= DATA EXTRACT =
- Opening Delimiter -

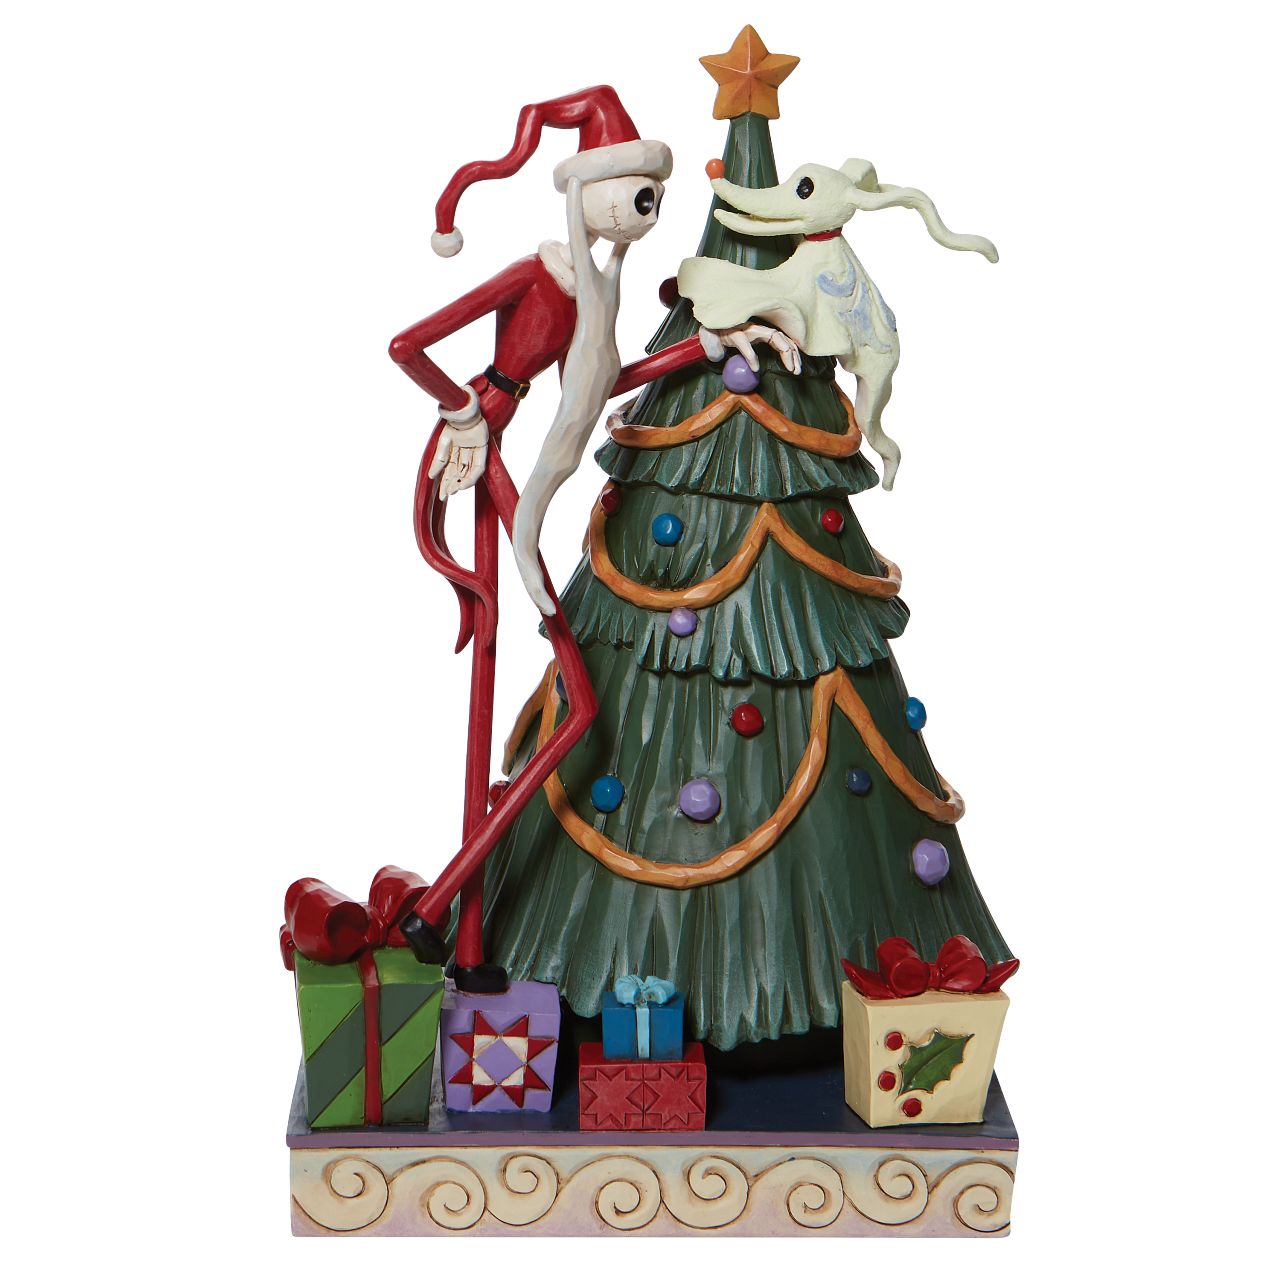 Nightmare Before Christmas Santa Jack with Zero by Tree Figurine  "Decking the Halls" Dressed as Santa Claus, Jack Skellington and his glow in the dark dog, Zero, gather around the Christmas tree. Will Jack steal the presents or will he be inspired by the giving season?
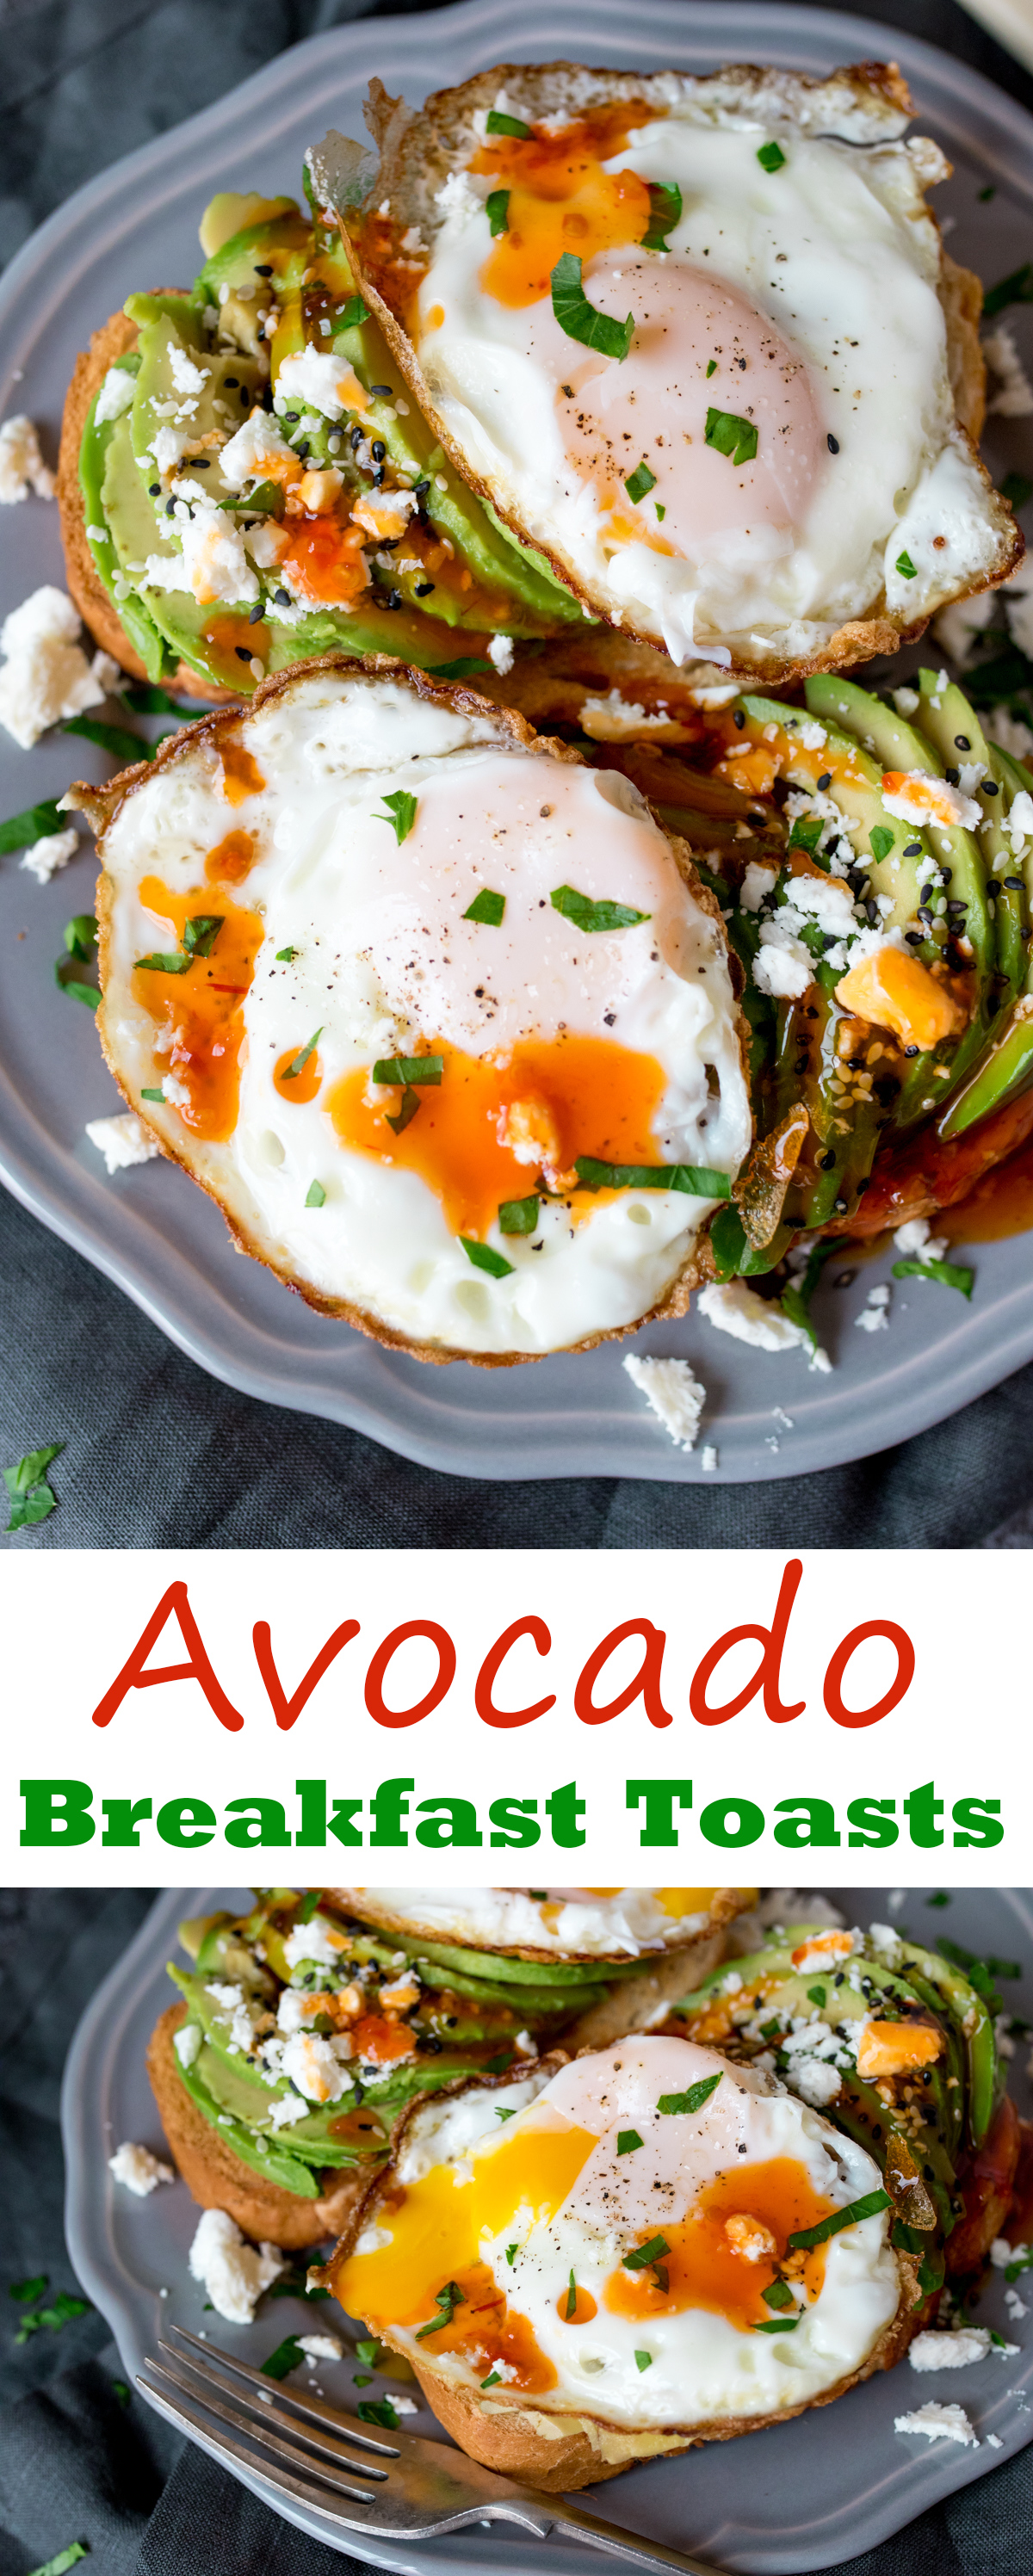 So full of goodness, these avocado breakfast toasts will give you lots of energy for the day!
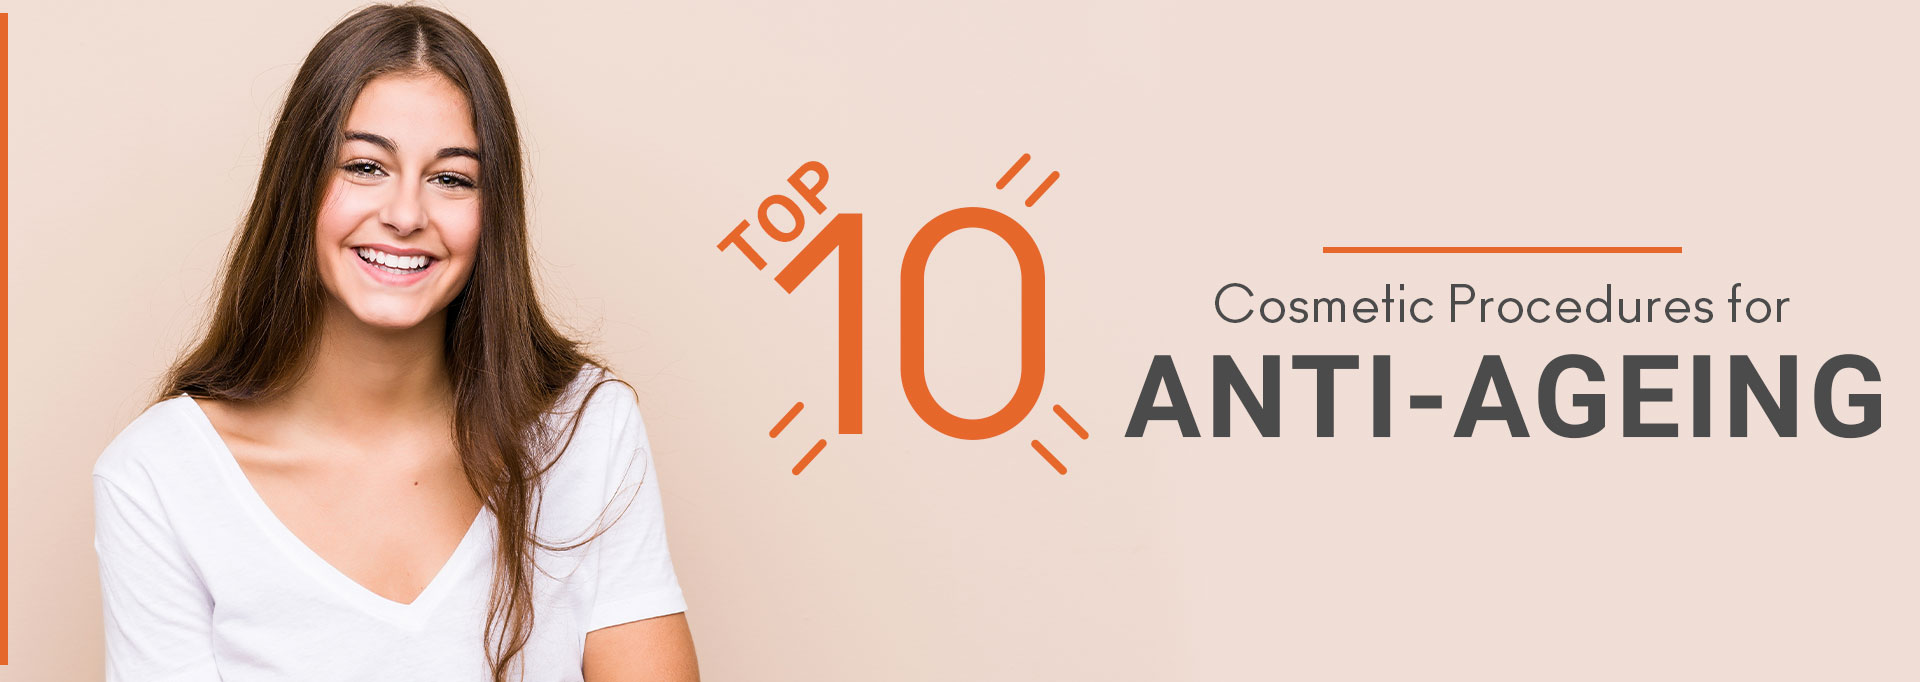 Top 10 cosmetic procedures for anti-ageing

- Closing Delimiter -

= PROBLEM DESCRIPTION =
Pictures aside, reproduce all of the data exactly.

= YOUR SOLUTION =
 Nightmare Before Christmas Santa Jack with Zero by Tree Figurine  "Decking the Halls" Dressed as Santa Claus, Jack Skellington and his glow in the dark dog, Zero, gather around the Christmas tree. Will Jack steal the presents or will he be inspired by the giving season?
 So full of goodness, these avocado breakfast toasts will give you lots of energy for the day!
 Top 10 cosmetic procedures for anti-ageing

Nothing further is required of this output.